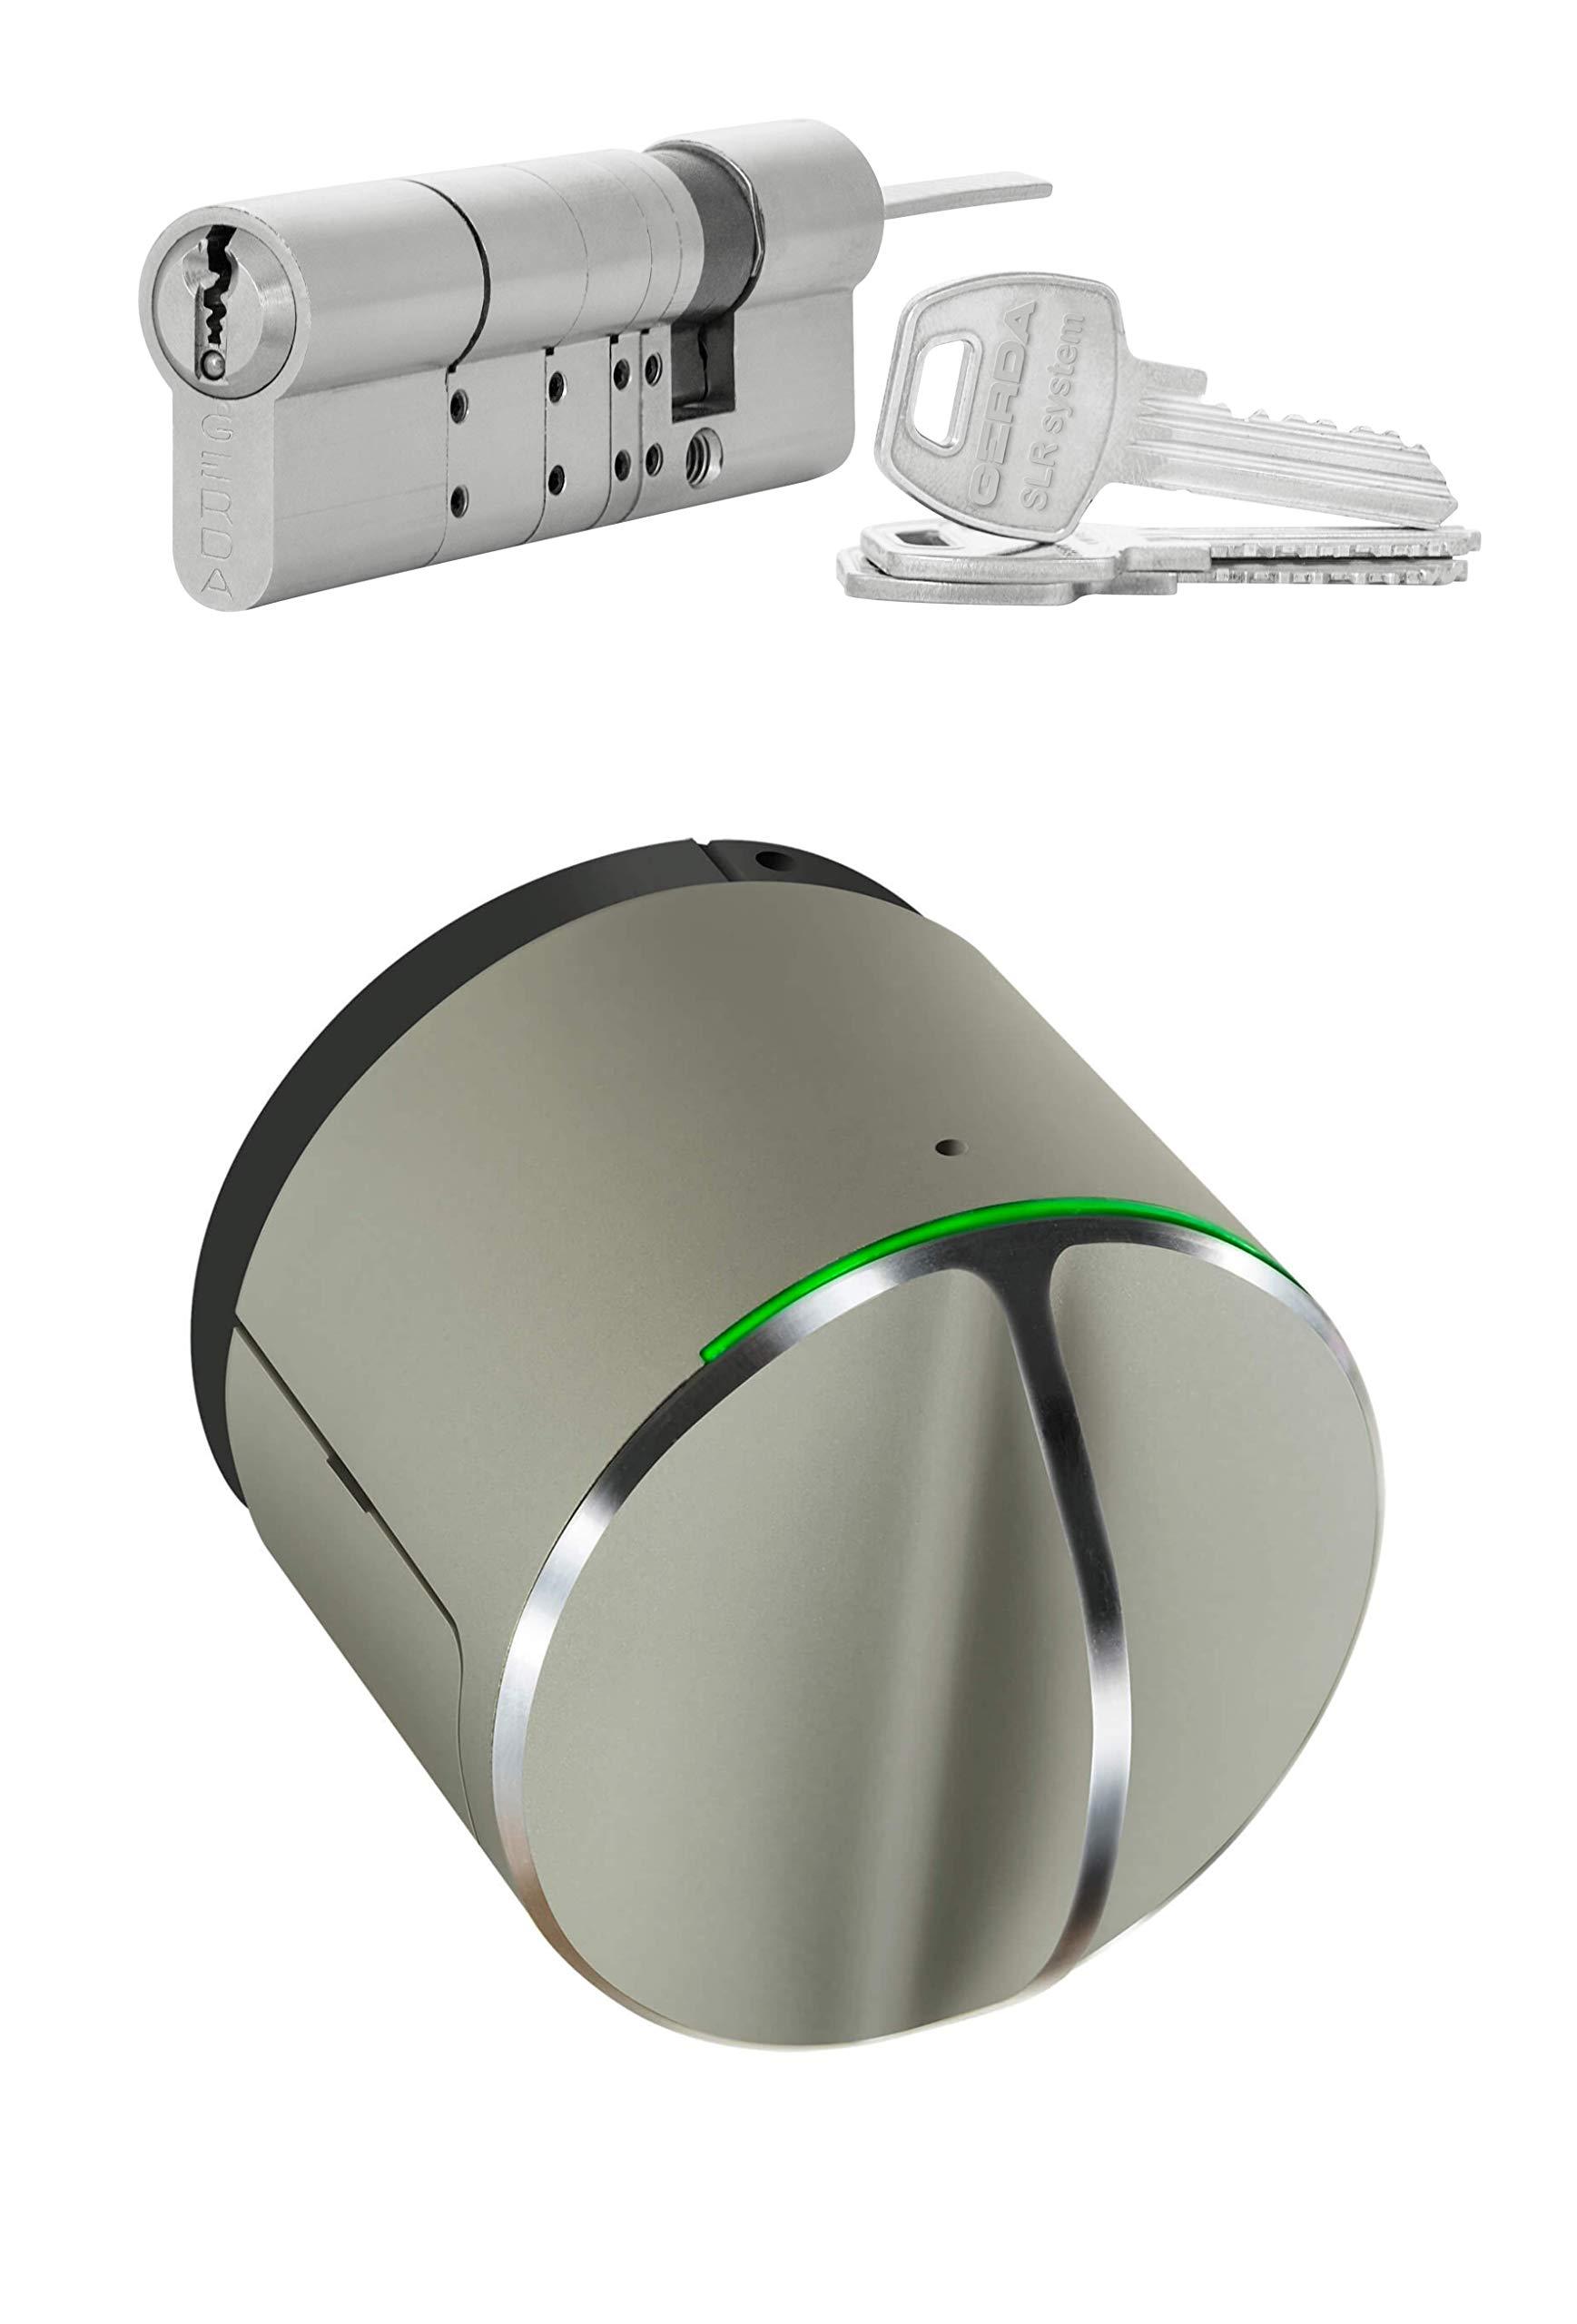 Danalock V3 HomeKit Serrure Connectée + Cylindre de sécurité extensible
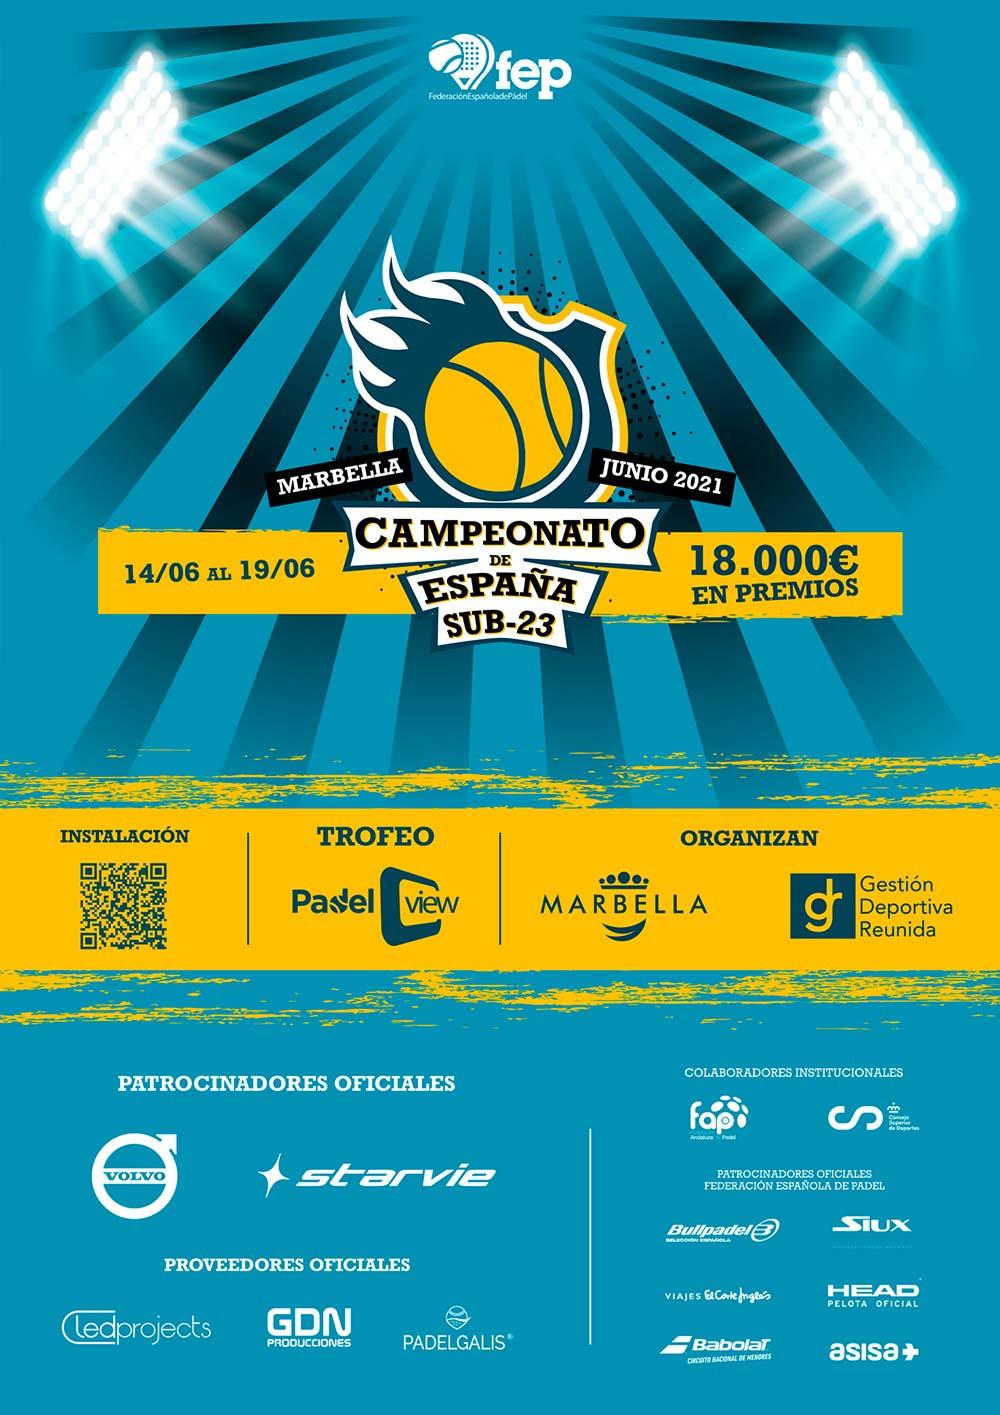 Cartel del Campeonato de España Sub-23
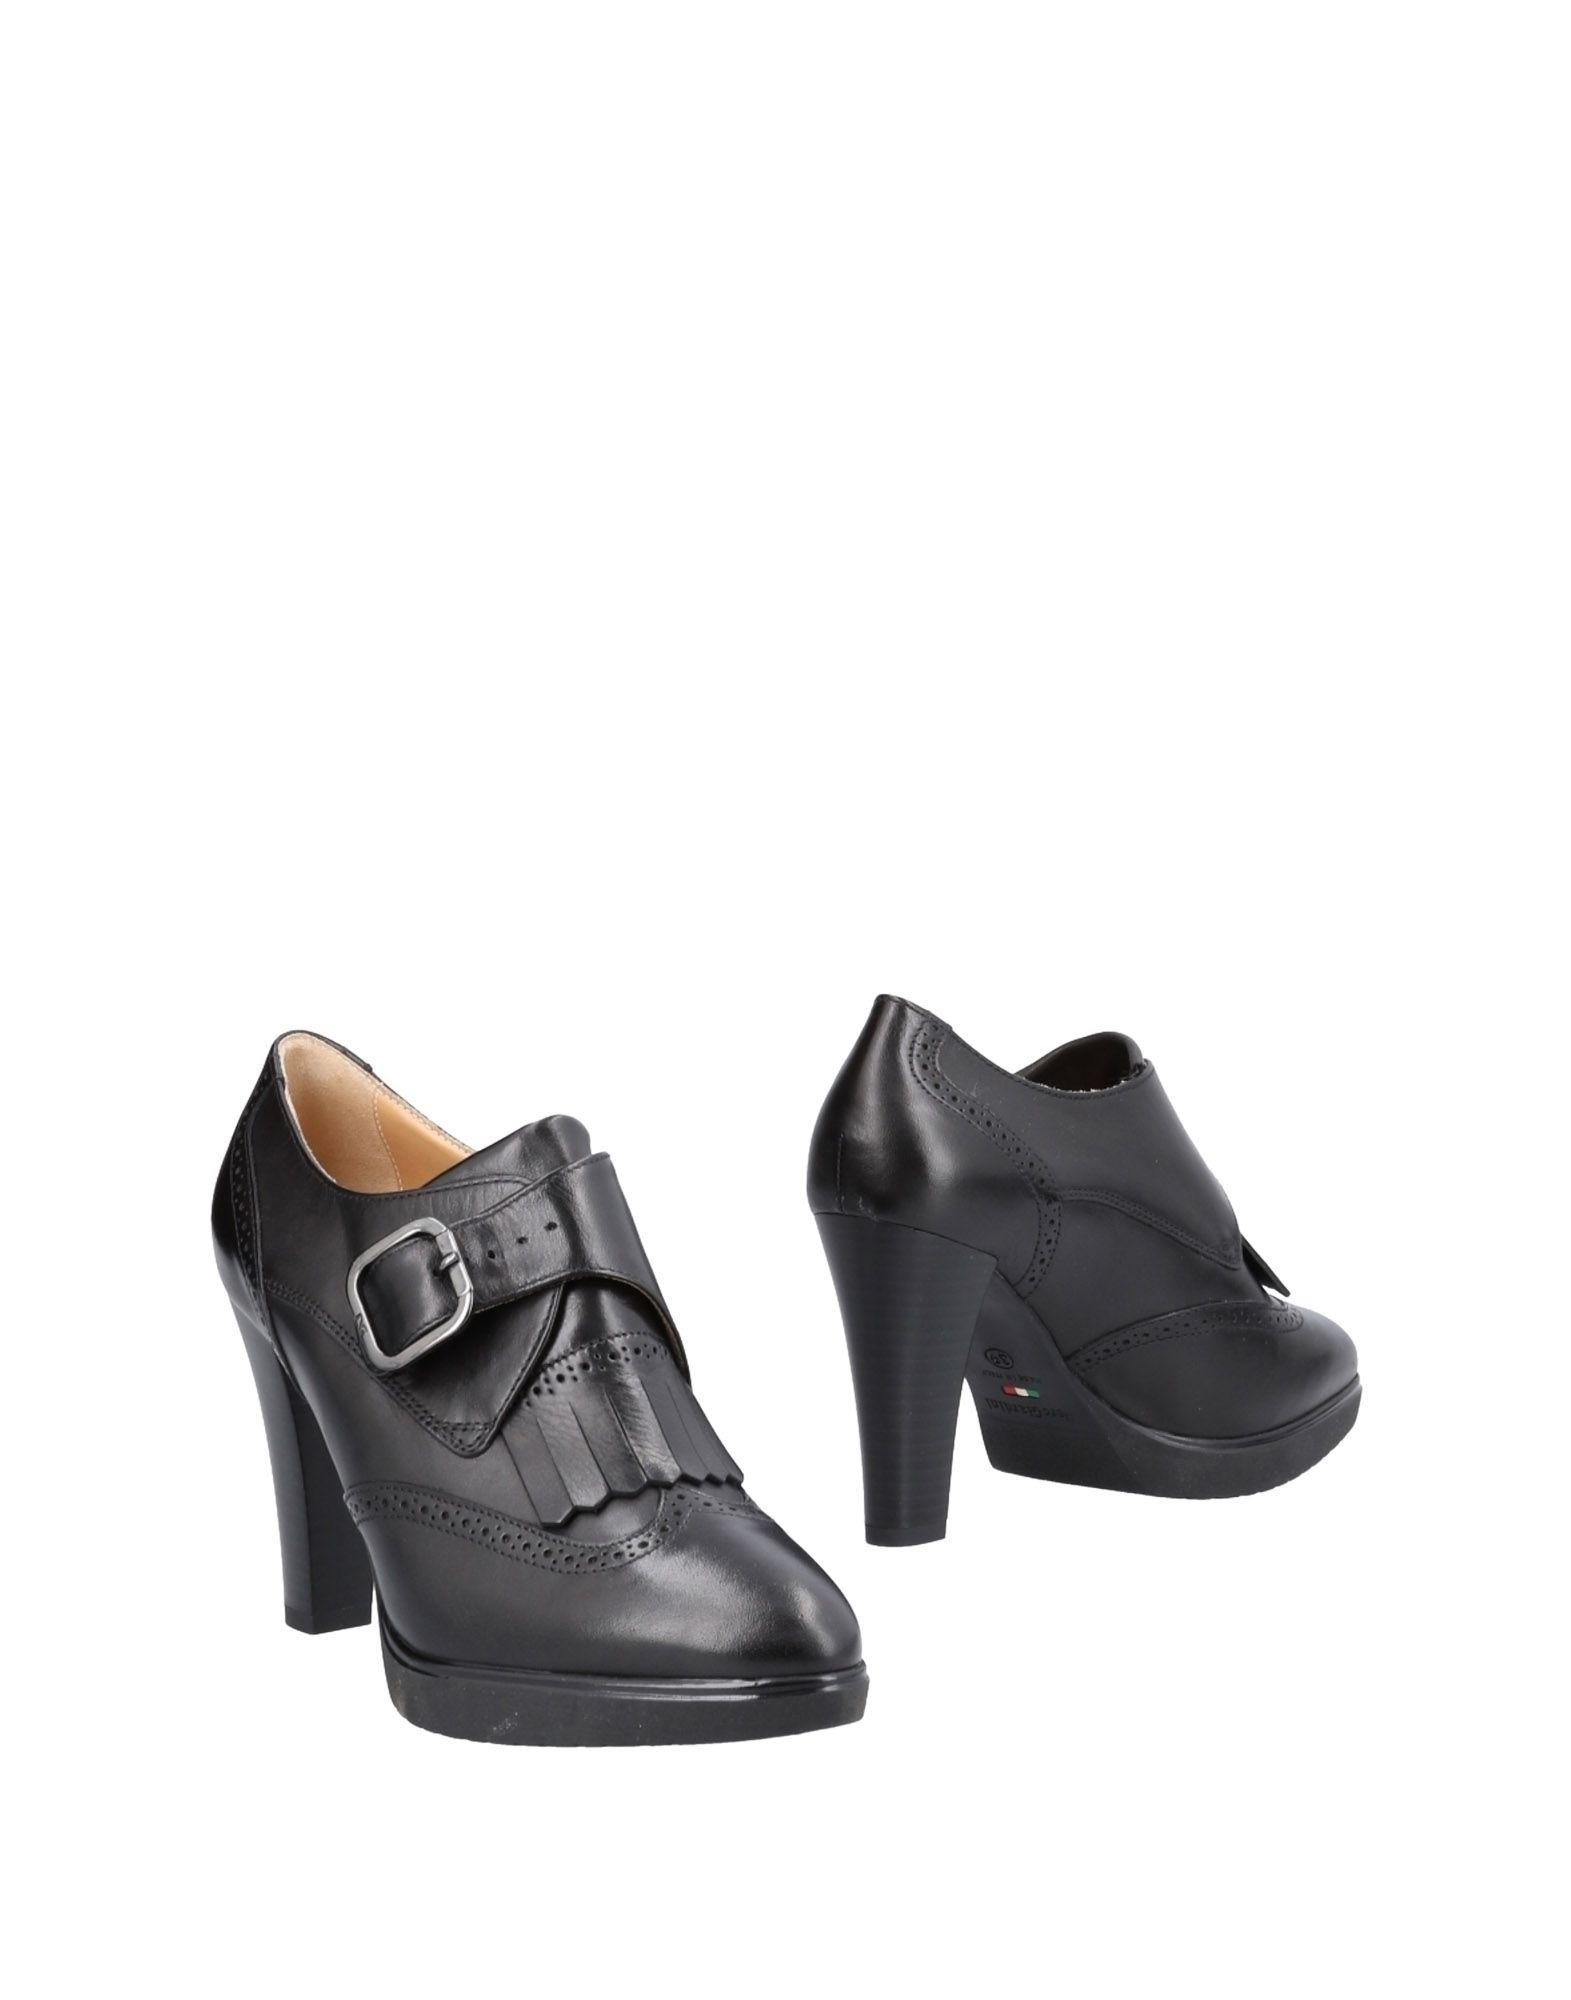 Nero Giardini Stiefelette Damen beliebte  11489100GR Gute Qualität beliebte Damen Schuhe 419dab
● ● ●
▸ **WHAT IS EXPECTED**:
A word-for-word copy of the lines from the one with "Cartel del Campeonato de España Sub-23" through the final line of the listing above is the whole answer, and it contains no pictures.

▸ **OUTPUT FOR THIS TASK**:
 Cartel del Campeonato de España Sub-23
 Nero Giardini Stiefelette Damen beliebte  11489100GR Gute Qualität beliebte Damen Schuhe 419dab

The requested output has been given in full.